*** DATASET EXTRACT ***

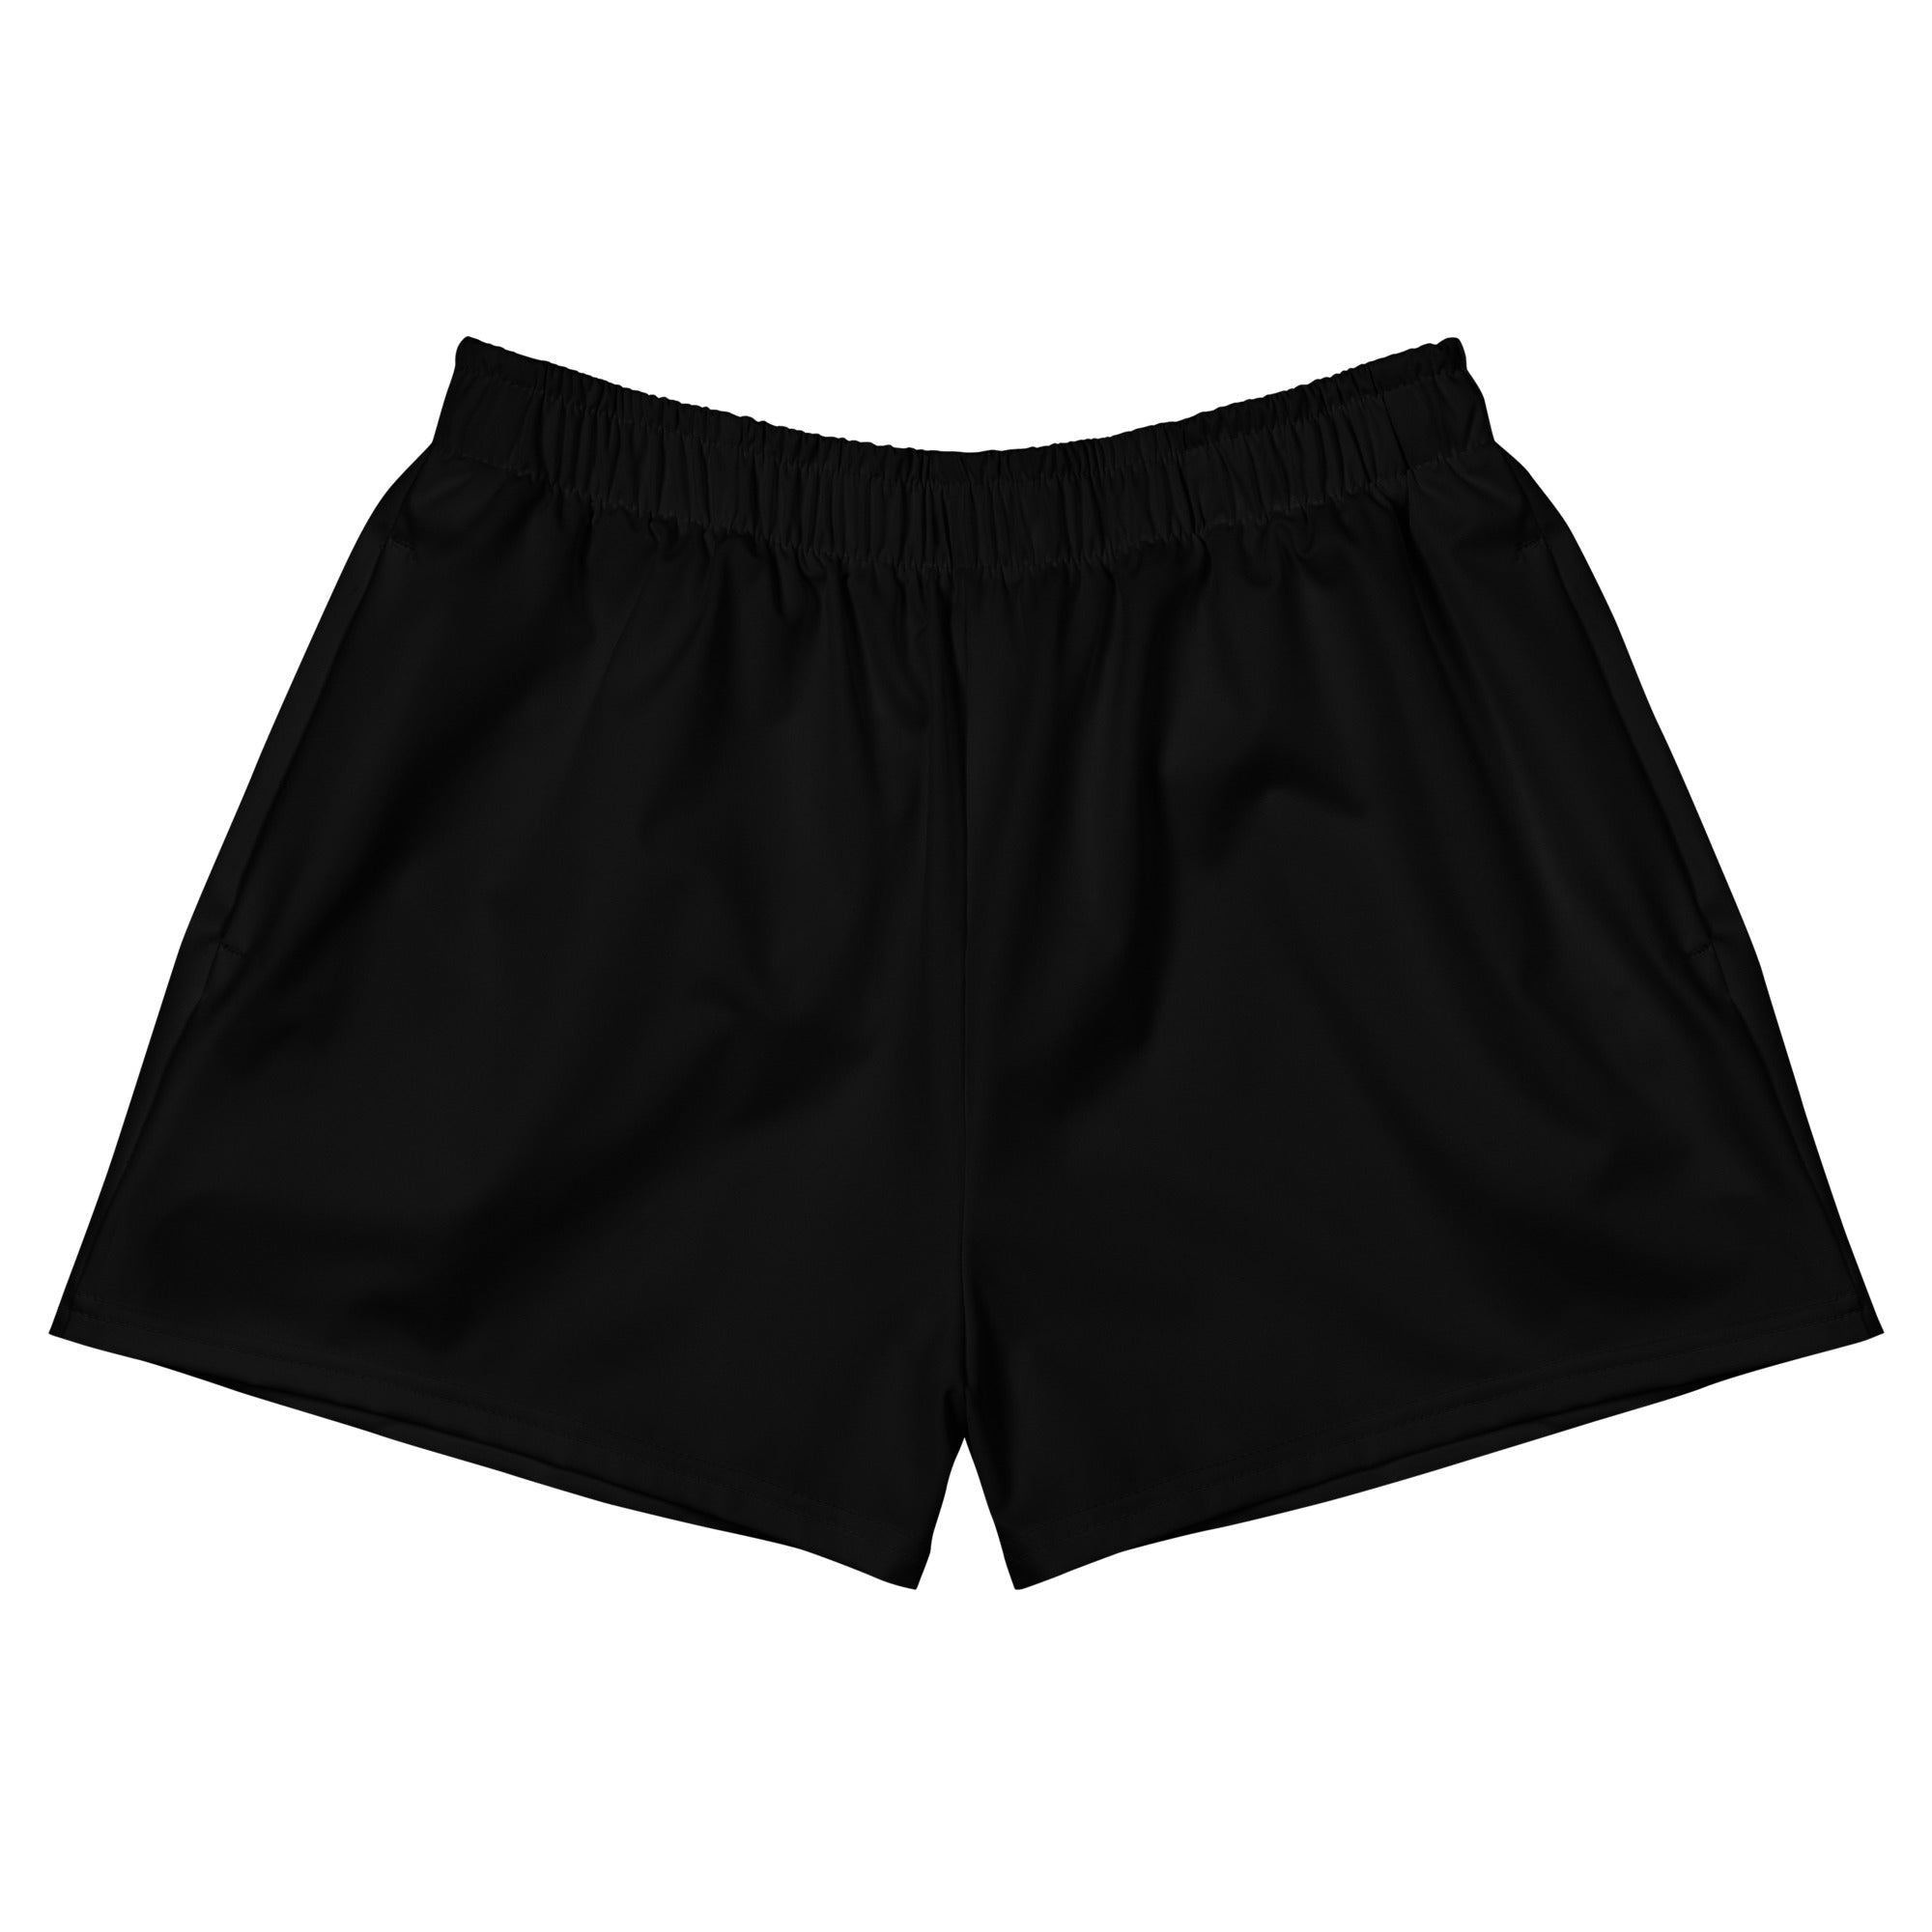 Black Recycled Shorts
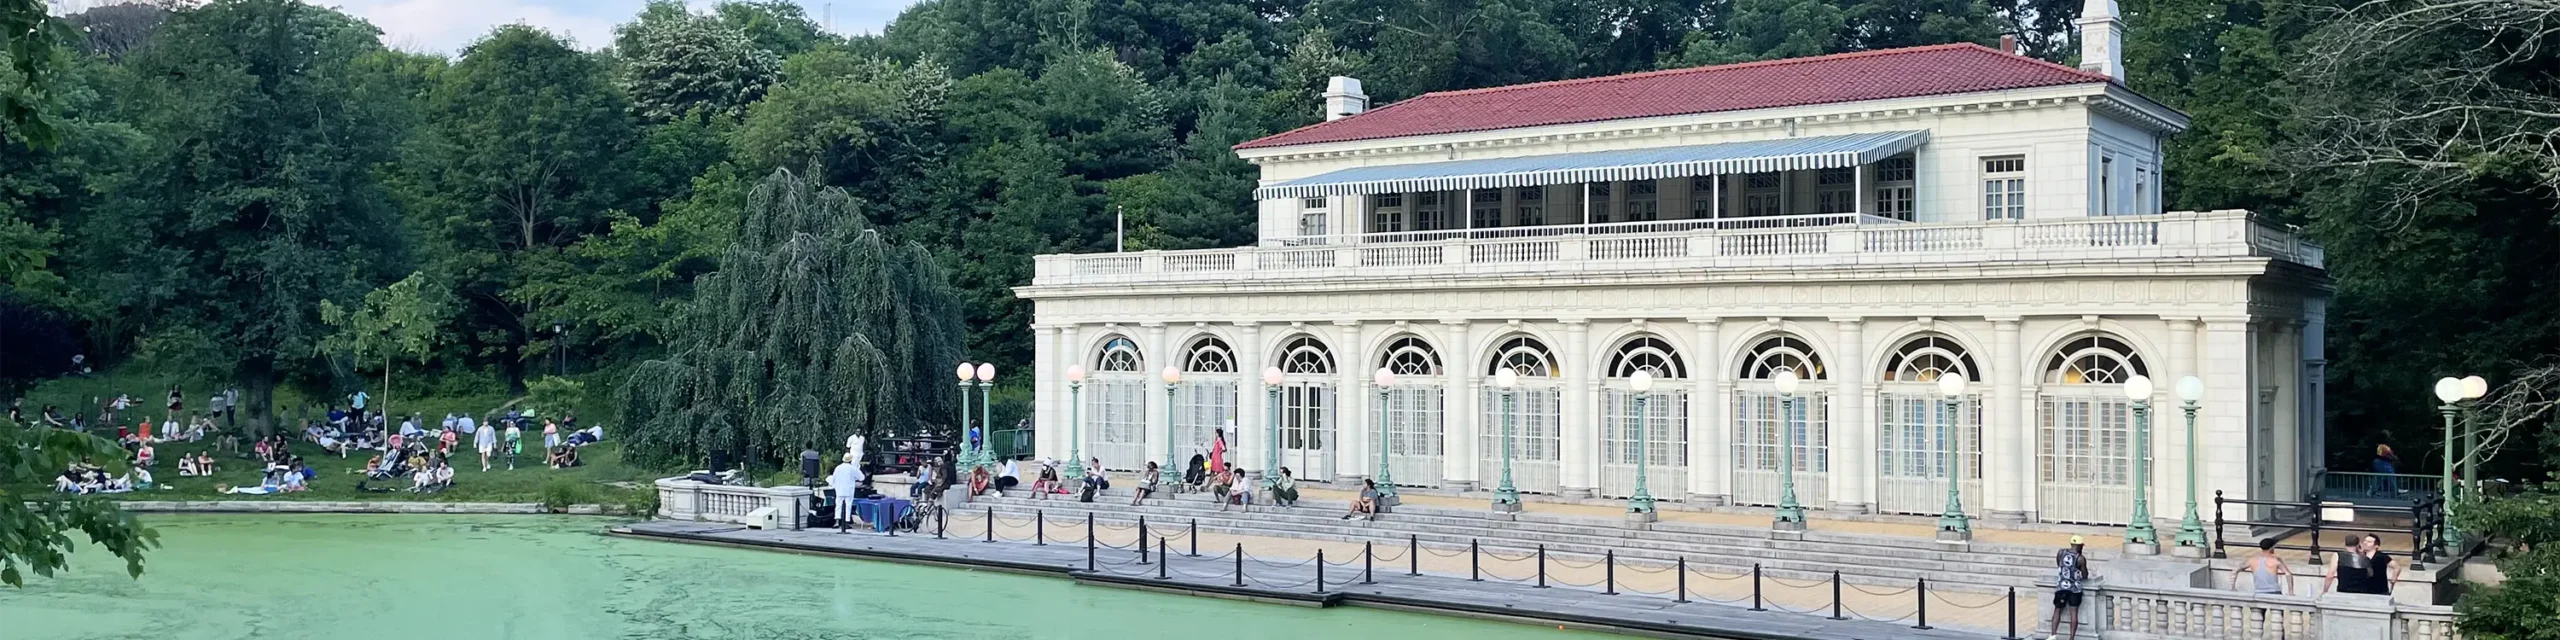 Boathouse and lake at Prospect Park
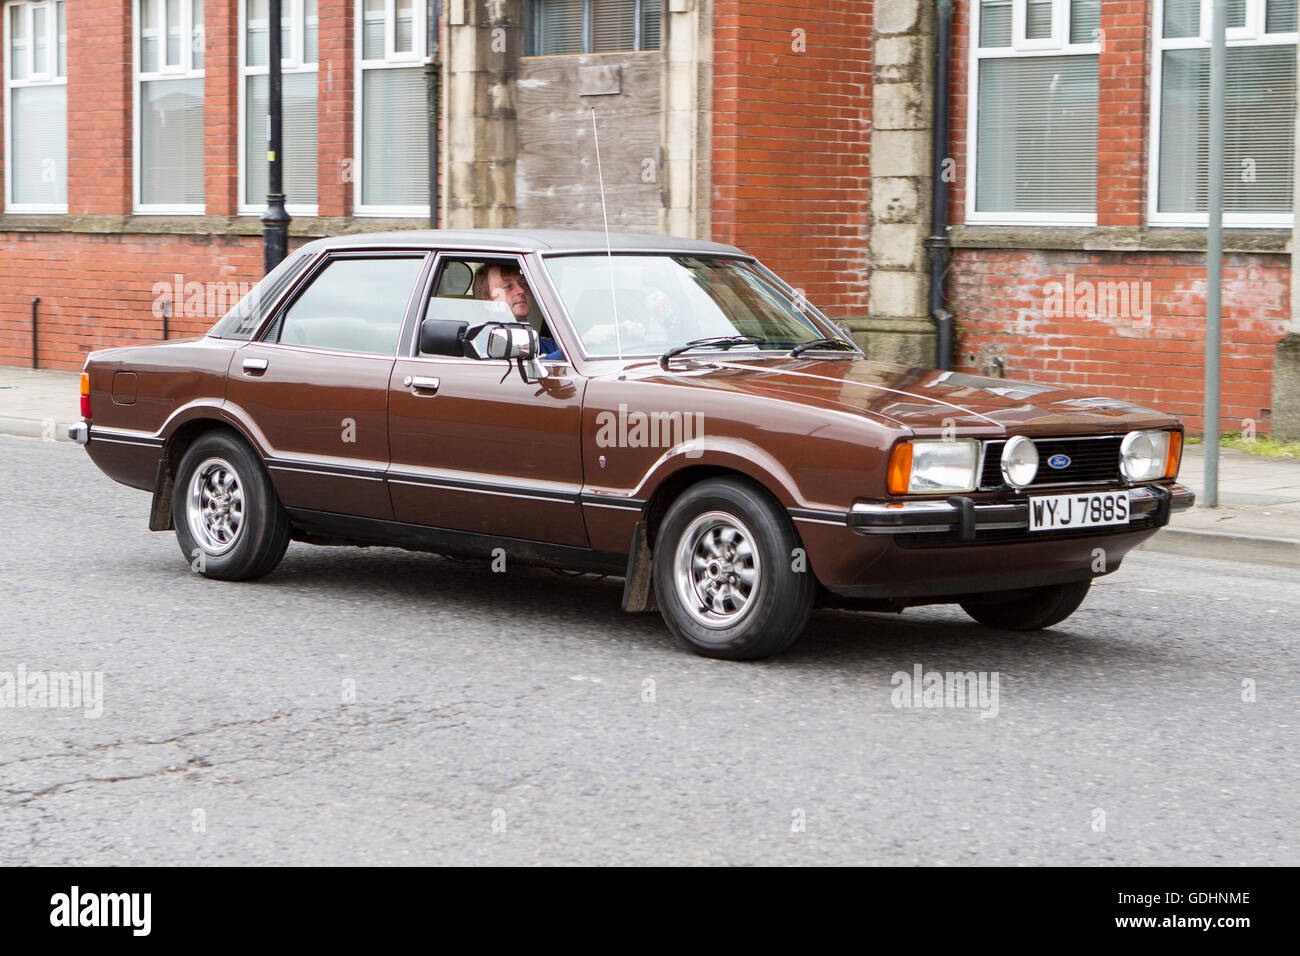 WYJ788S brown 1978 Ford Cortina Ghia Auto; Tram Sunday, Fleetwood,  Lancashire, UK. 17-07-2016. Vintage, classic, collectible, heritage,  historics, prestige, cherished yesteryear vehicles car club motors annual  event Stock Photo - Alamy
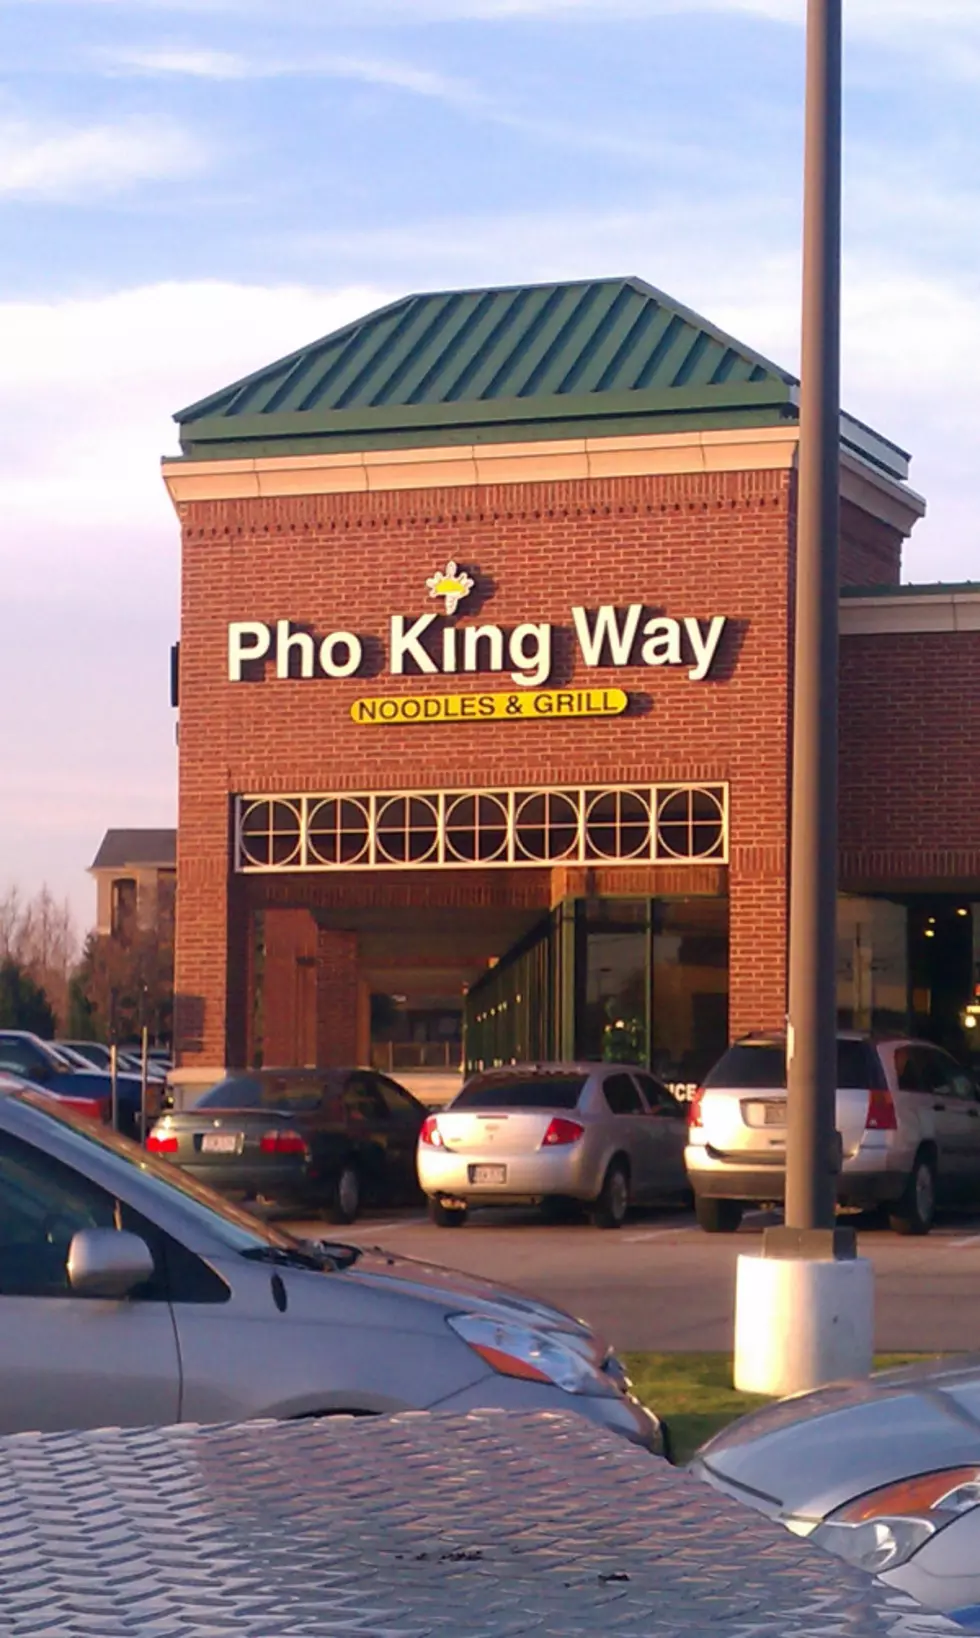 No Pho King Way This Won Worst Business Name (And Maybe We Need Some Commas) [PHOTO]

*** End of DATASET EXTRACT ***

Reproduce the entire listing exactly, but omit any pictures.

 Black Recycled Shorts
 Boathouse and lake at Prospect Park
 WYJ788S brown 1978 Ford Cortina Ghia Auto; Tram Sunday, Fleetwood,  Lancashire, UK. 17-07-2016. Vintage, classic, collectible, heritage,  historics, prestige, cherished yesteryear vehicles car club motors annual  event Stock Photo - Alamy
 No Pho King Way This Won Worst Business Name (And Maybe We Need Some Commas) [PHOTO]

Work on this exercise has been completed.